**Exercise objective**. Reproduce the data below in full and to the letter, images excepted.

**Information shown**.

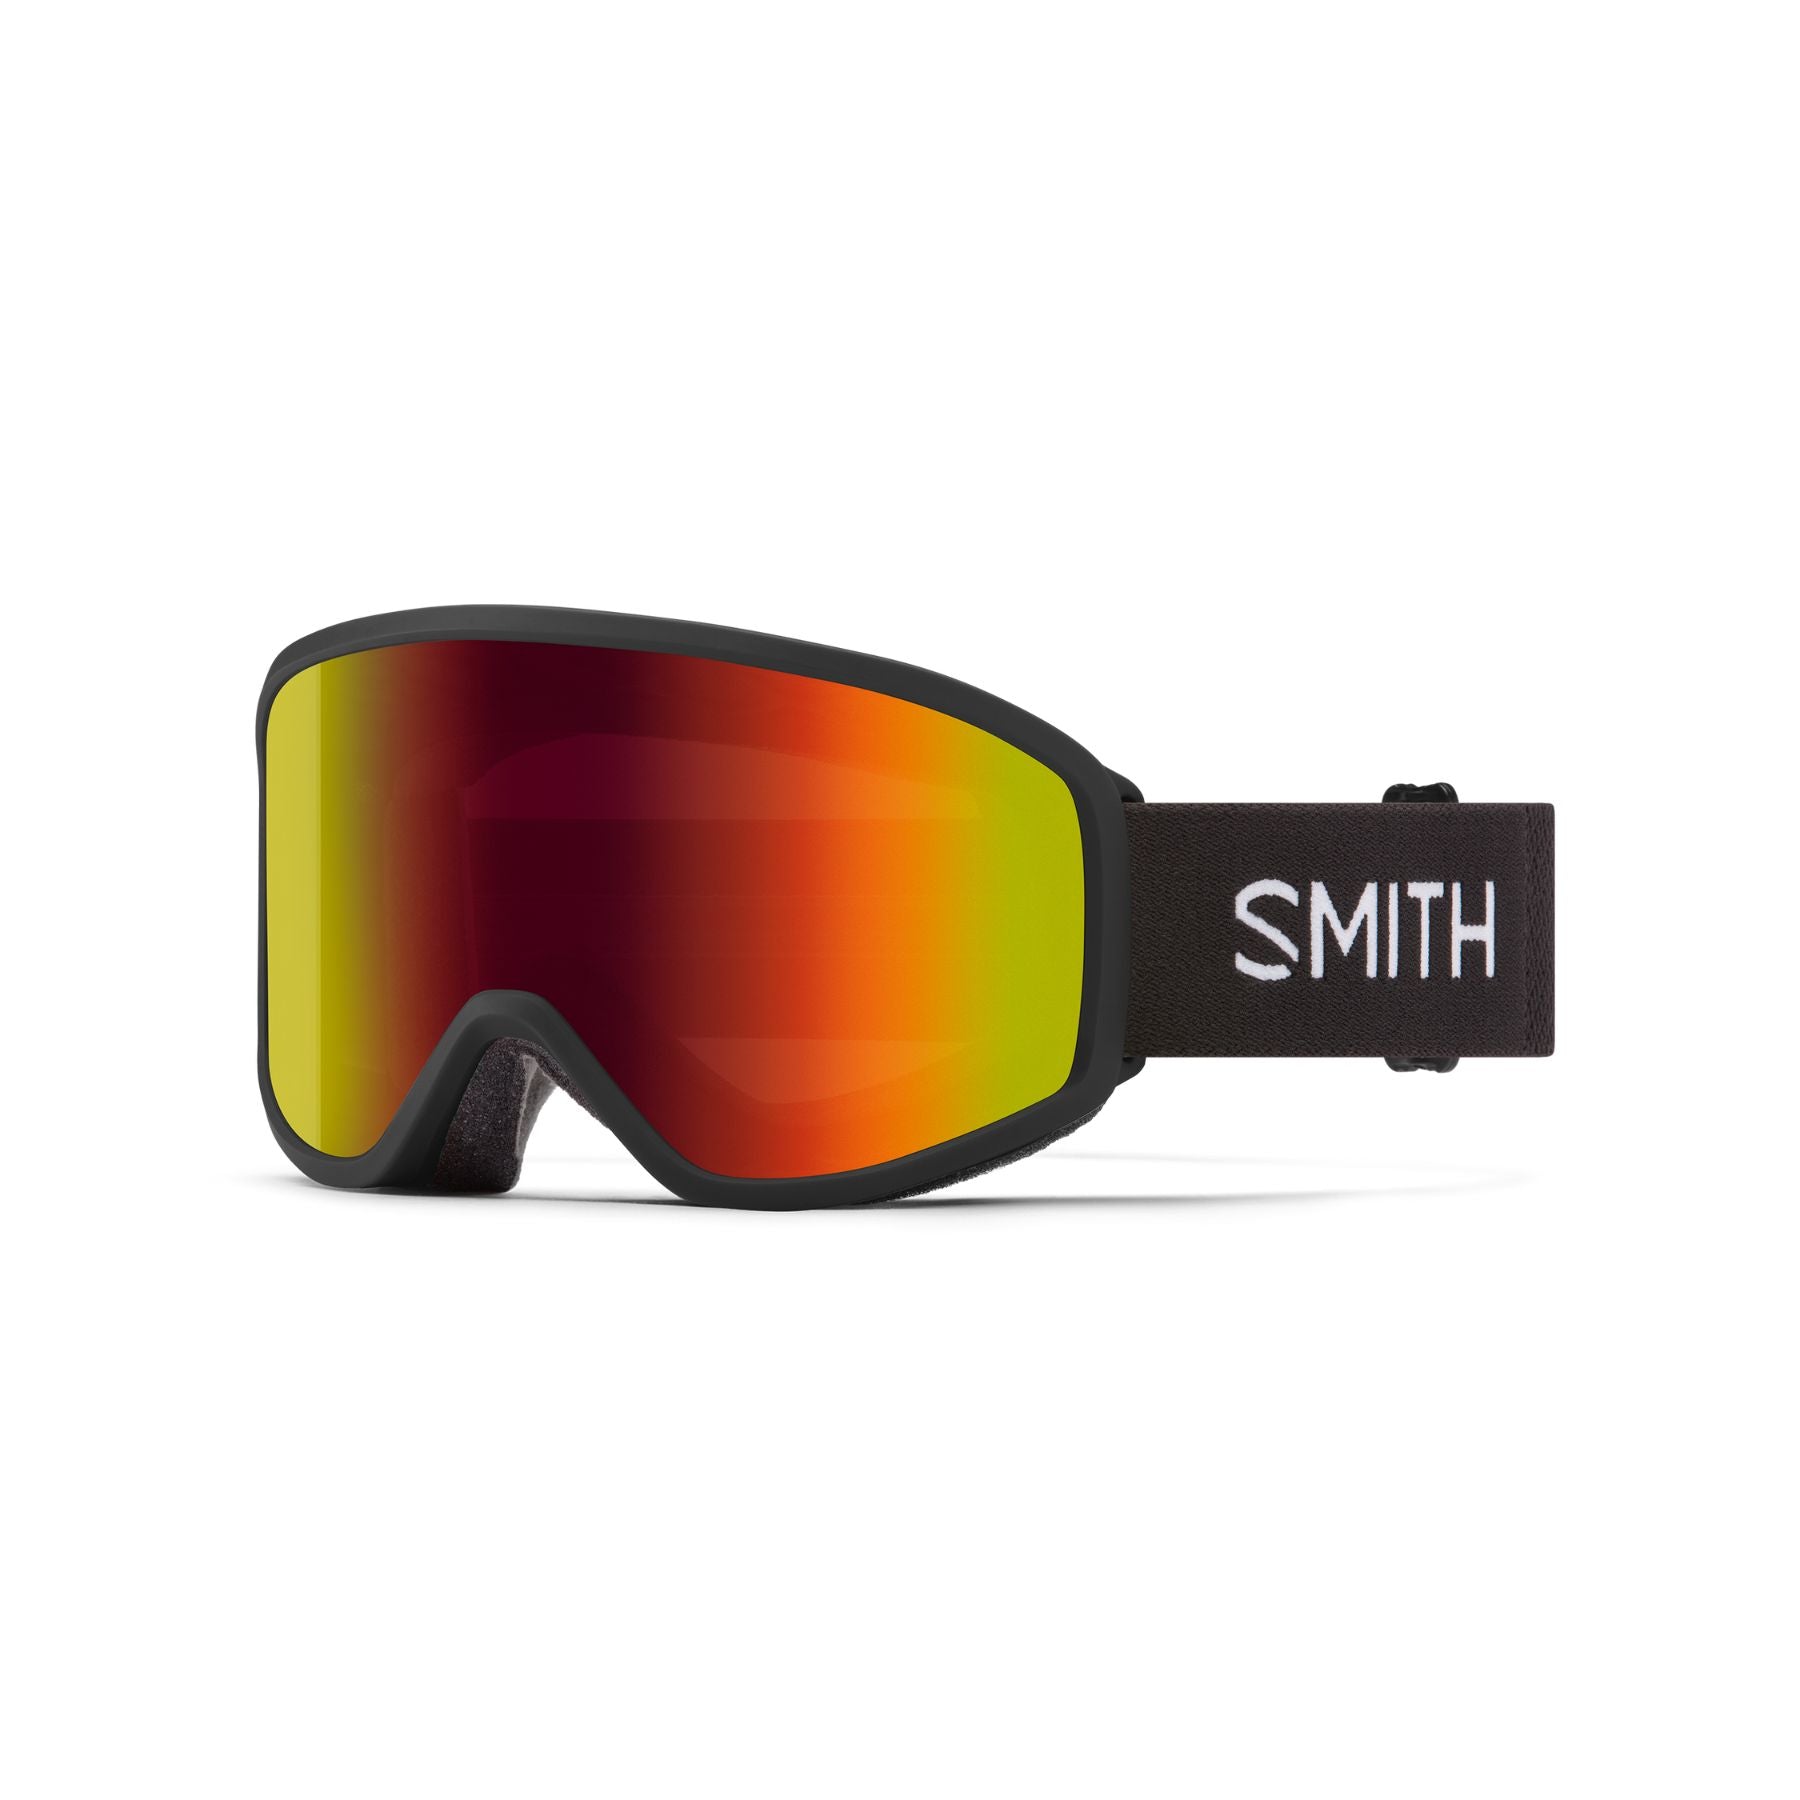 Smith Reason OTG Goggles in Black
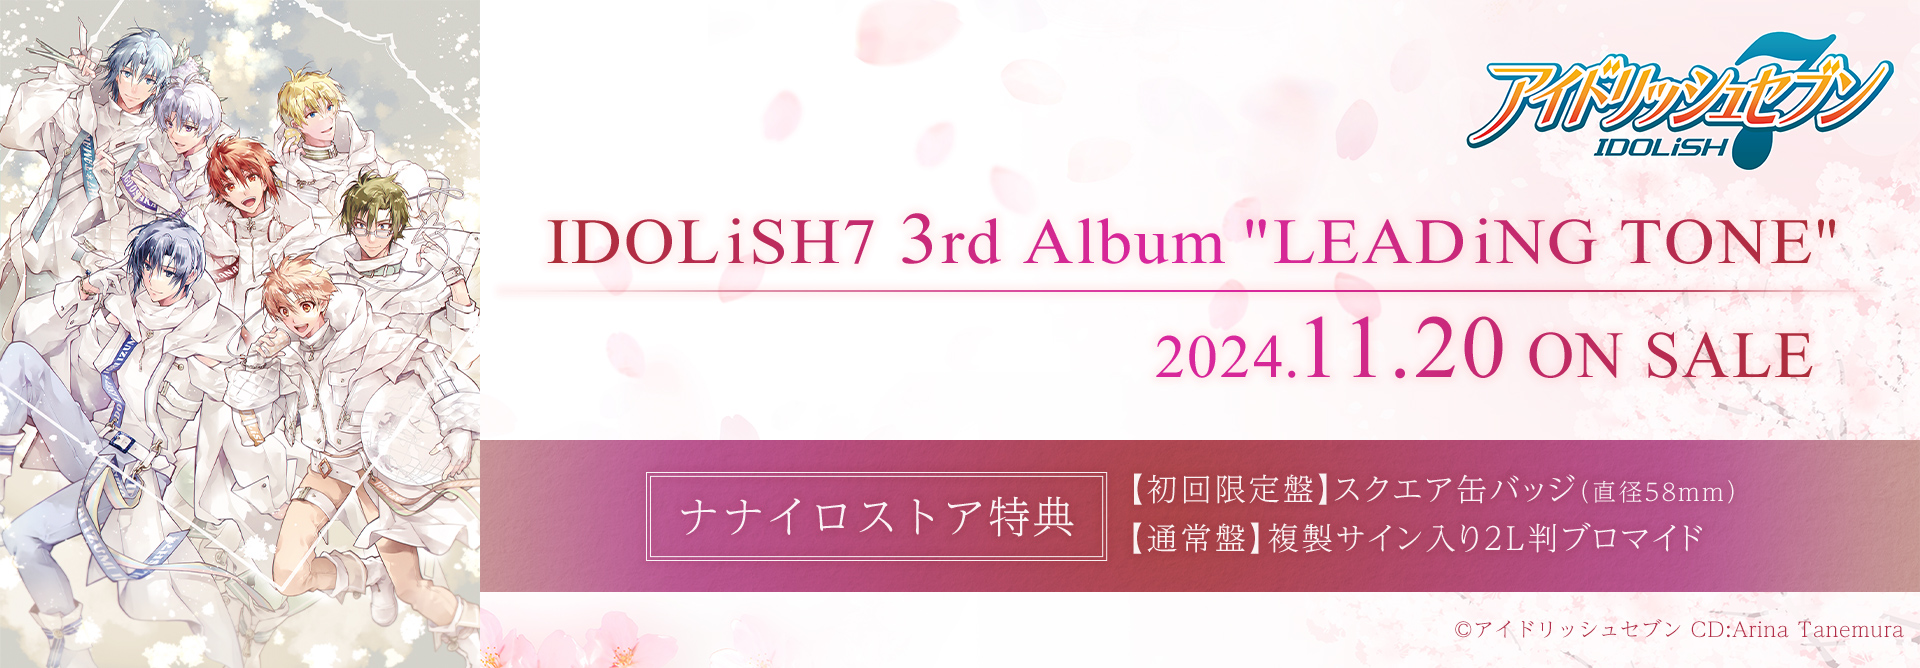 IDOLiSH7 3rd Album “LEADiNG TONE
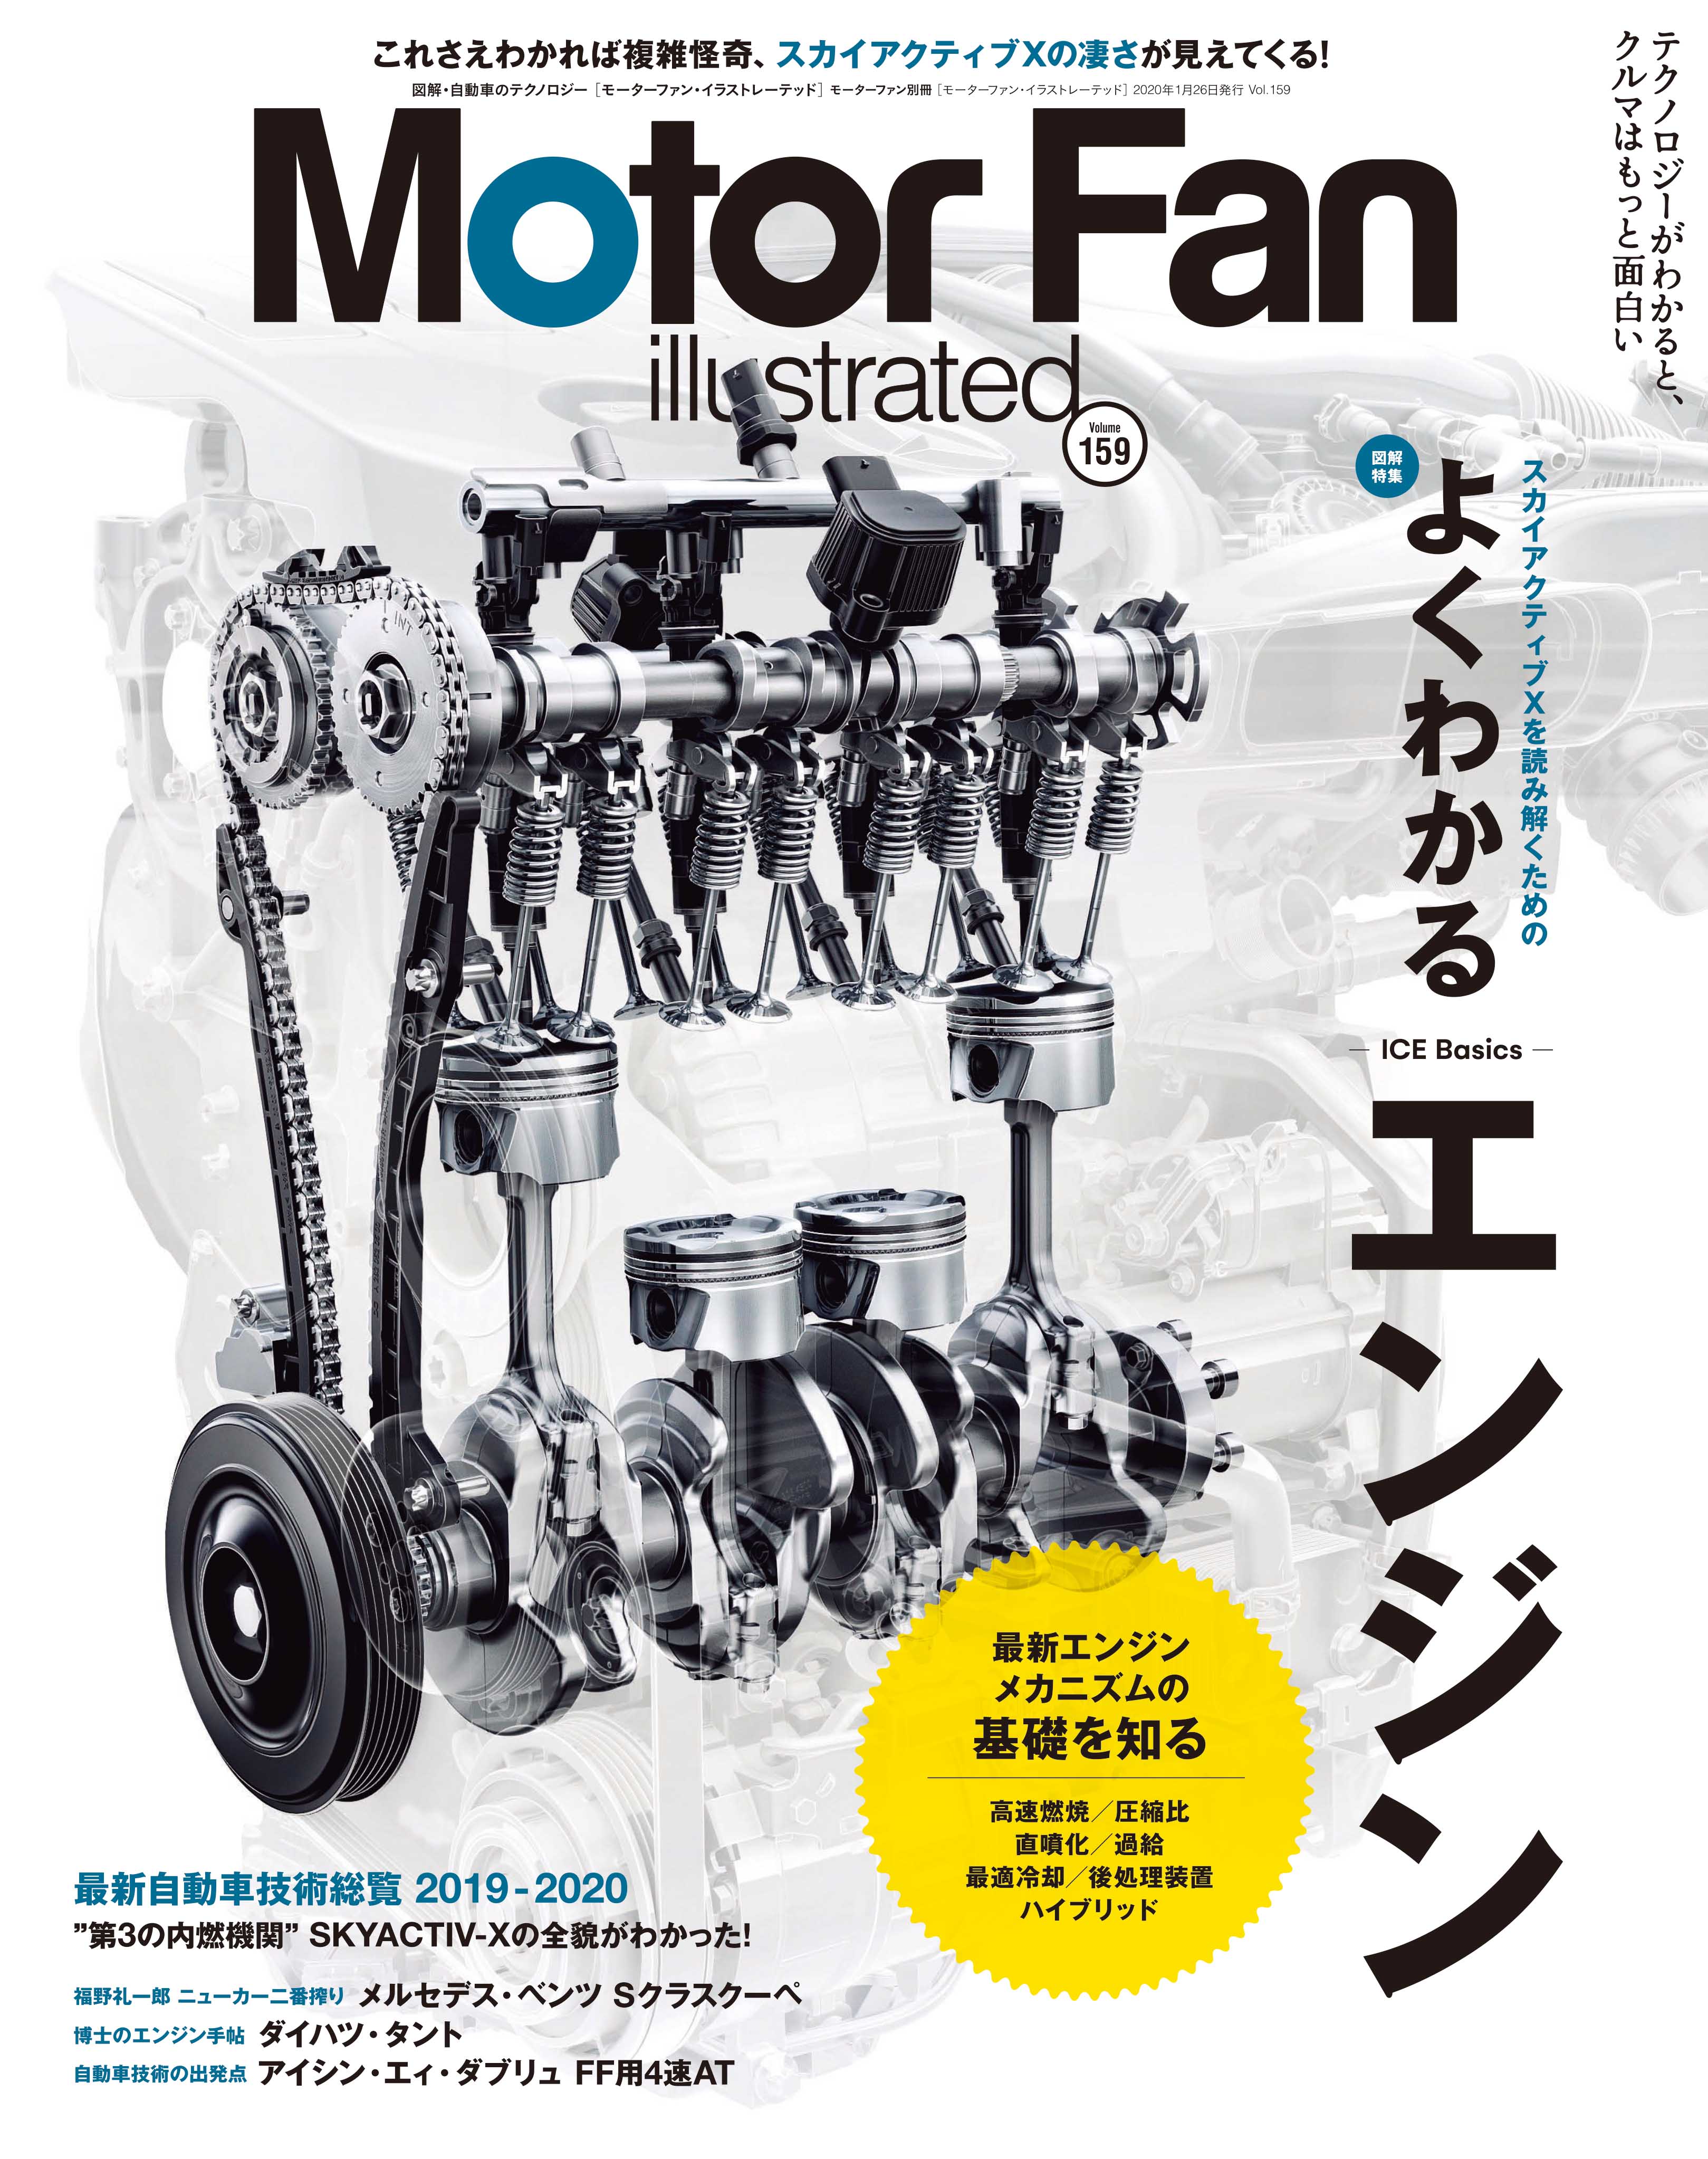 モーターファン イラストレーテッド Vol 159は よくわかるエンジン 特集 三栄のプレスリリース

**Exercise output**.
 Smith Reason OTG Goggles in Black
 IDOLiSH7 3rd Album “LEADiNG TONE
 モーターファン イラストレーテッド Vol 159は よくわかるエンジン 特集 三栄のプレスリリース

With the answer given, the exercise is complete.